_Material provided:_
**********

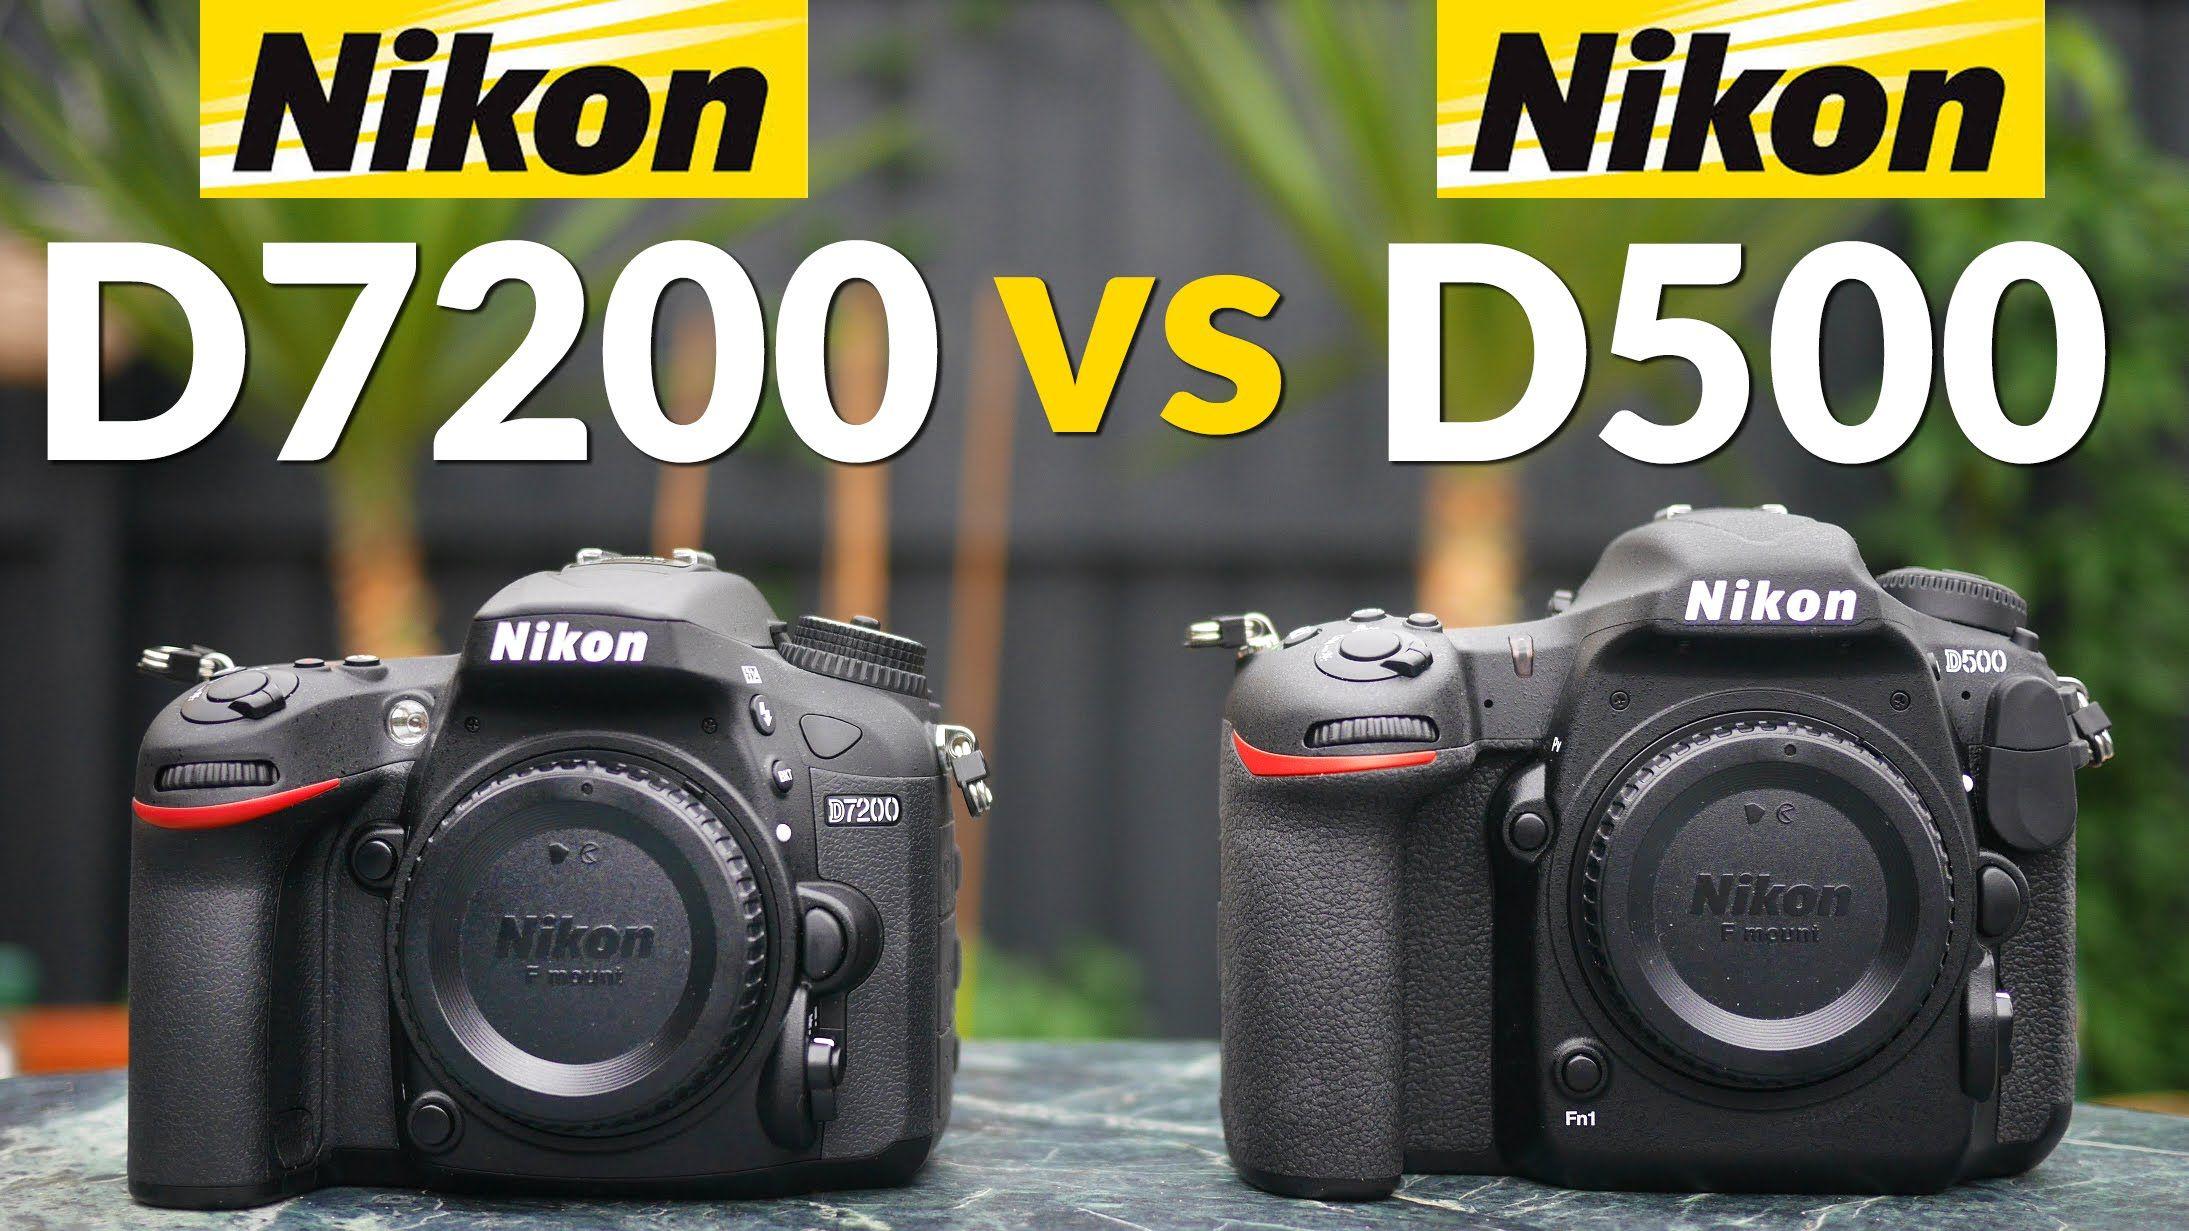 Small Crop Of Canon T6i Vs Nikon D5500
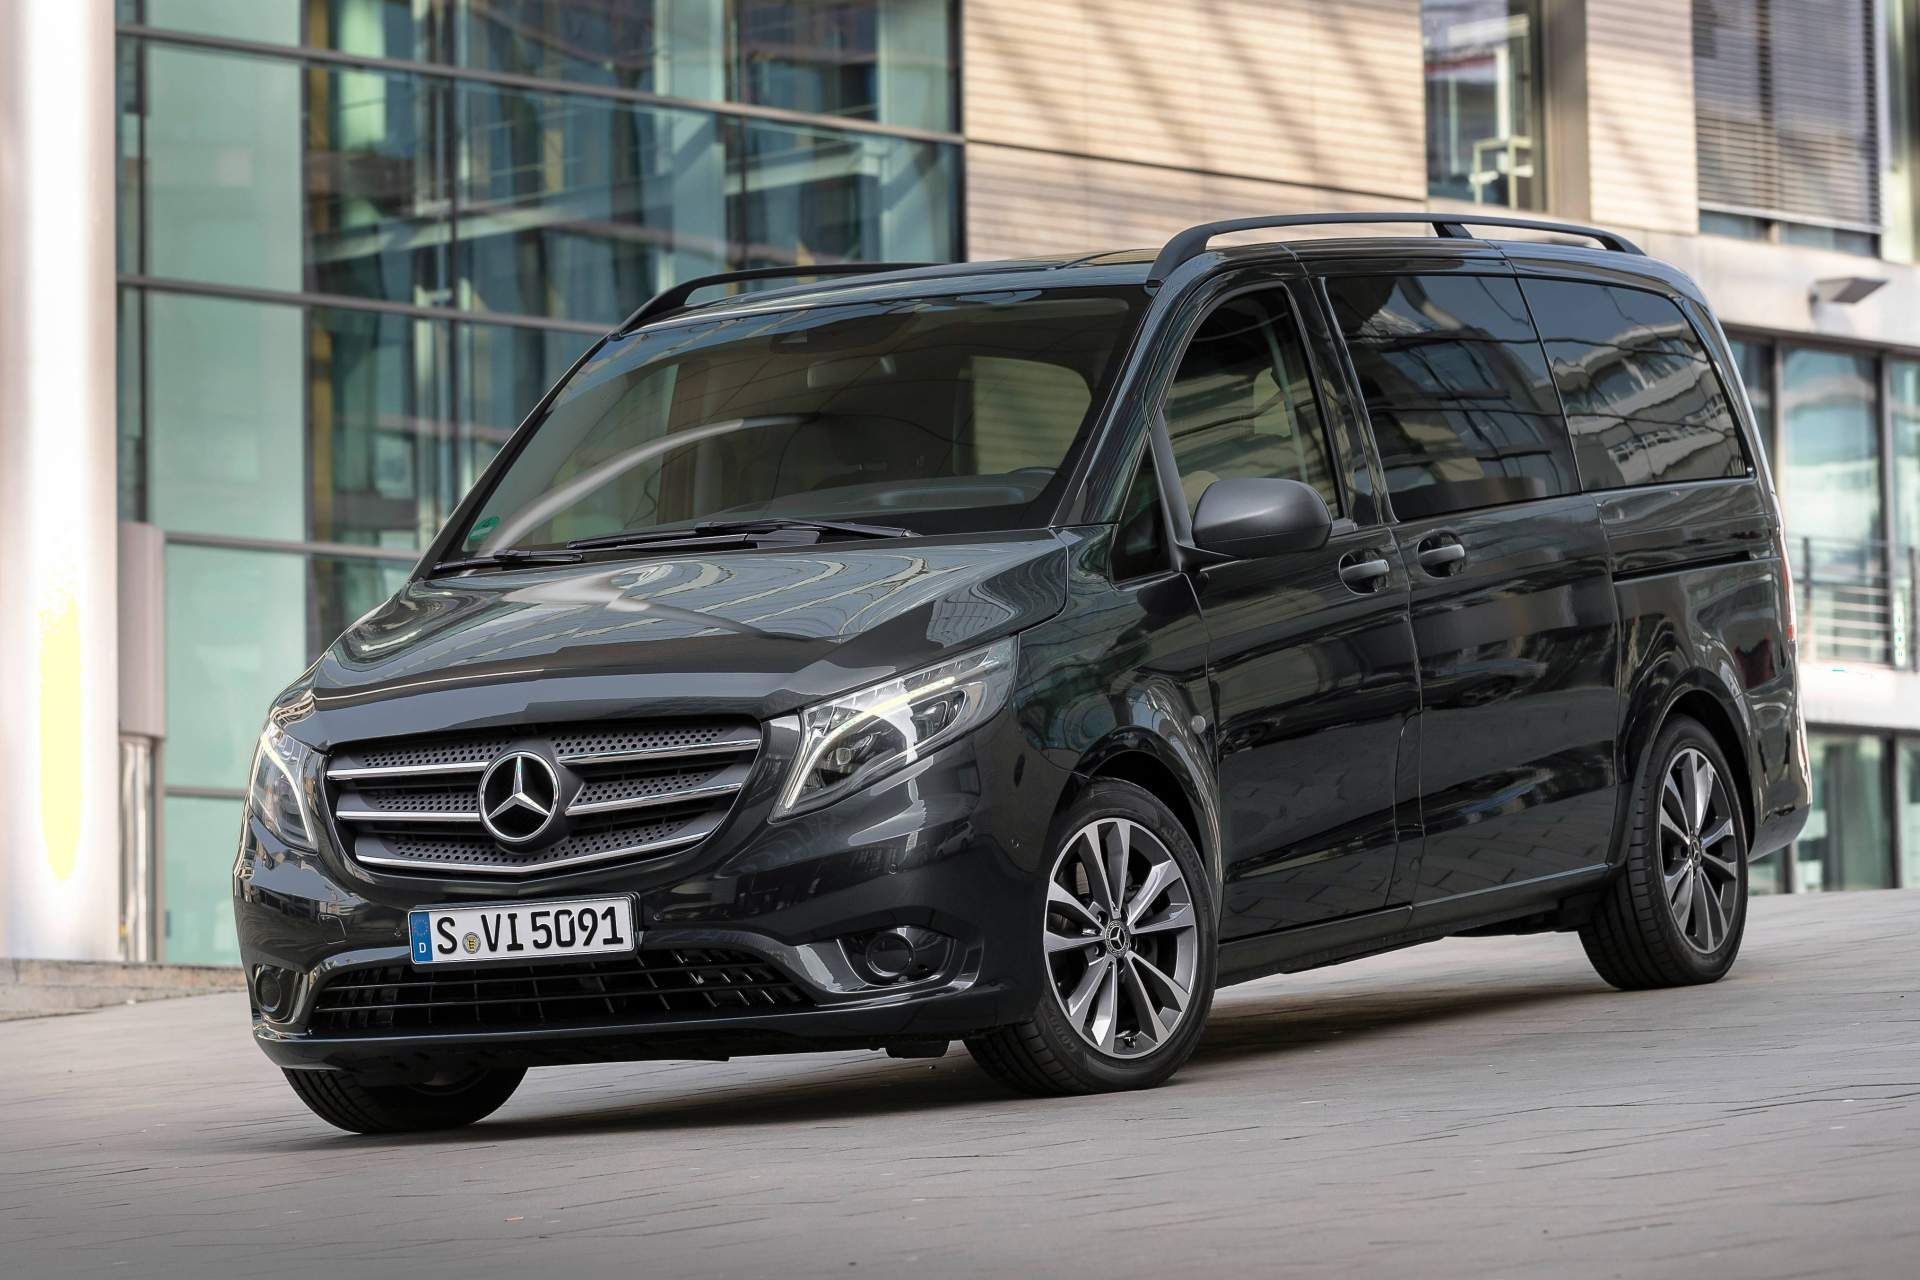 2019 Mercedes Vito Gains Om 654 Diesel From Passenger Car Range 9g Tronic Transmission Carscoops Mercedes Benz Viano Mercedes Benz Vans Benz
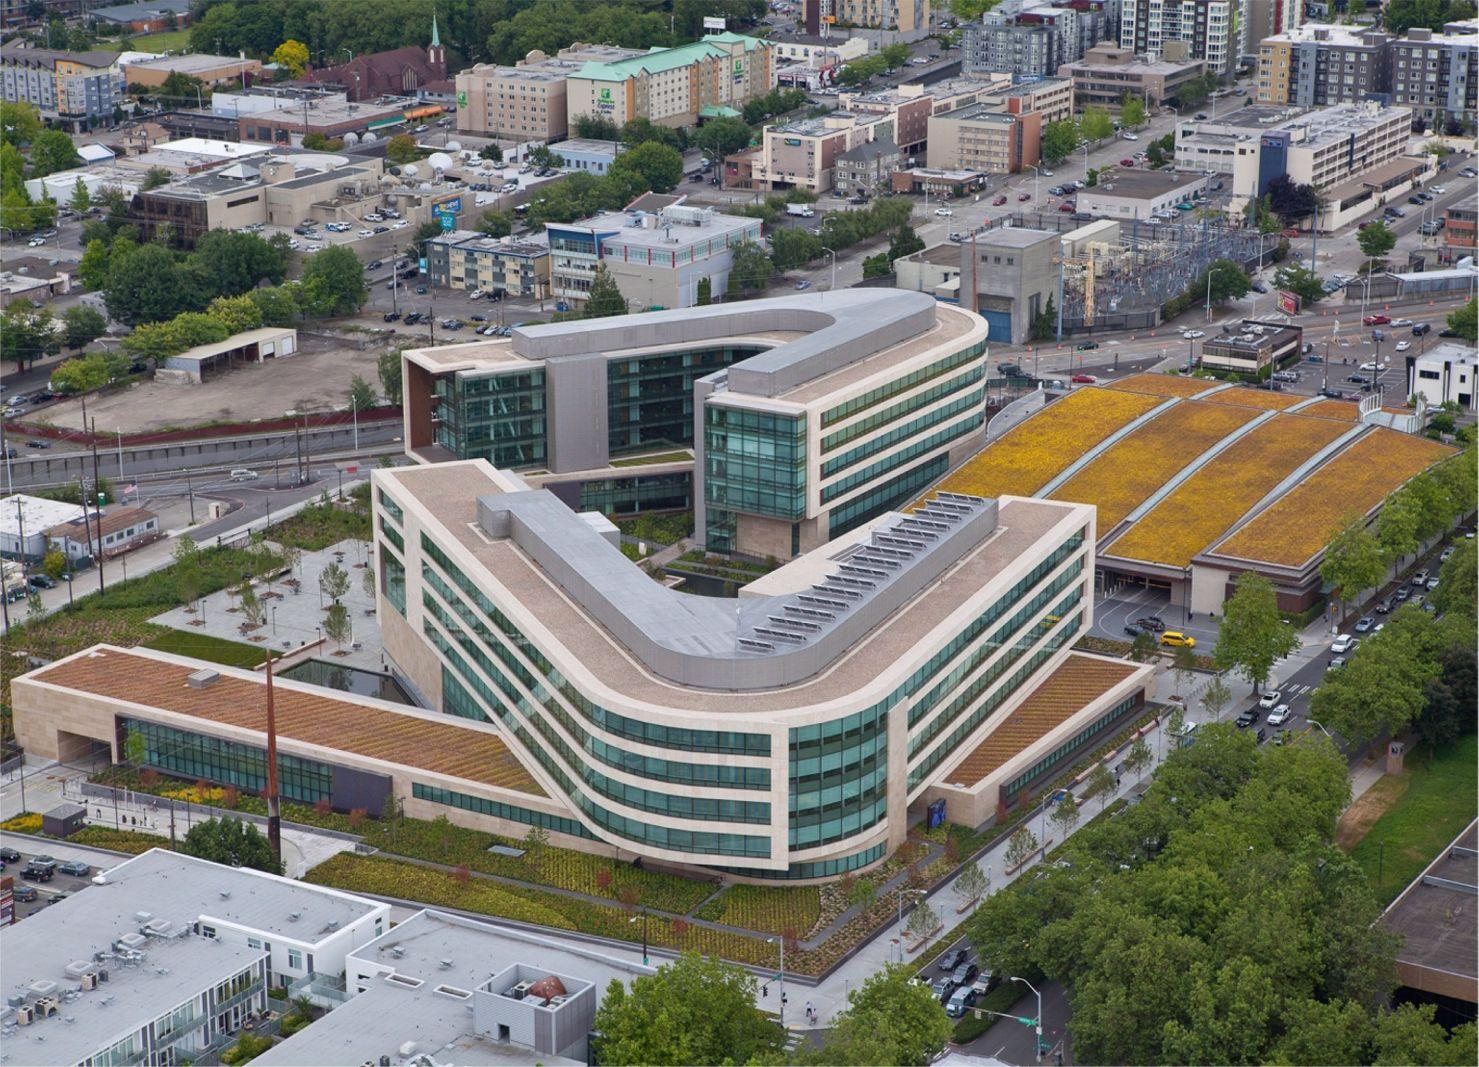 Bill & Melinda Gates Foundation & Seattle Center 5th Avenue North Parking Garage Featured Image

**********

_Problem:_
Every word of the material, and none of its pictures, should be set down again.

_Result of this task:_
 Small Crop Of Canon T6i Vs Nikon D5500
 2019 Mercedes Vito Gains Om 654 Diesel From Passenger Car Range 9g Tronic Transmission Carscoops Mercedes Benz Viano Mercedes Benz Vans Benz
 Bill & Melinda Gates Foundation & Seattle Center 5th Avenue North Parking Garage Featured Image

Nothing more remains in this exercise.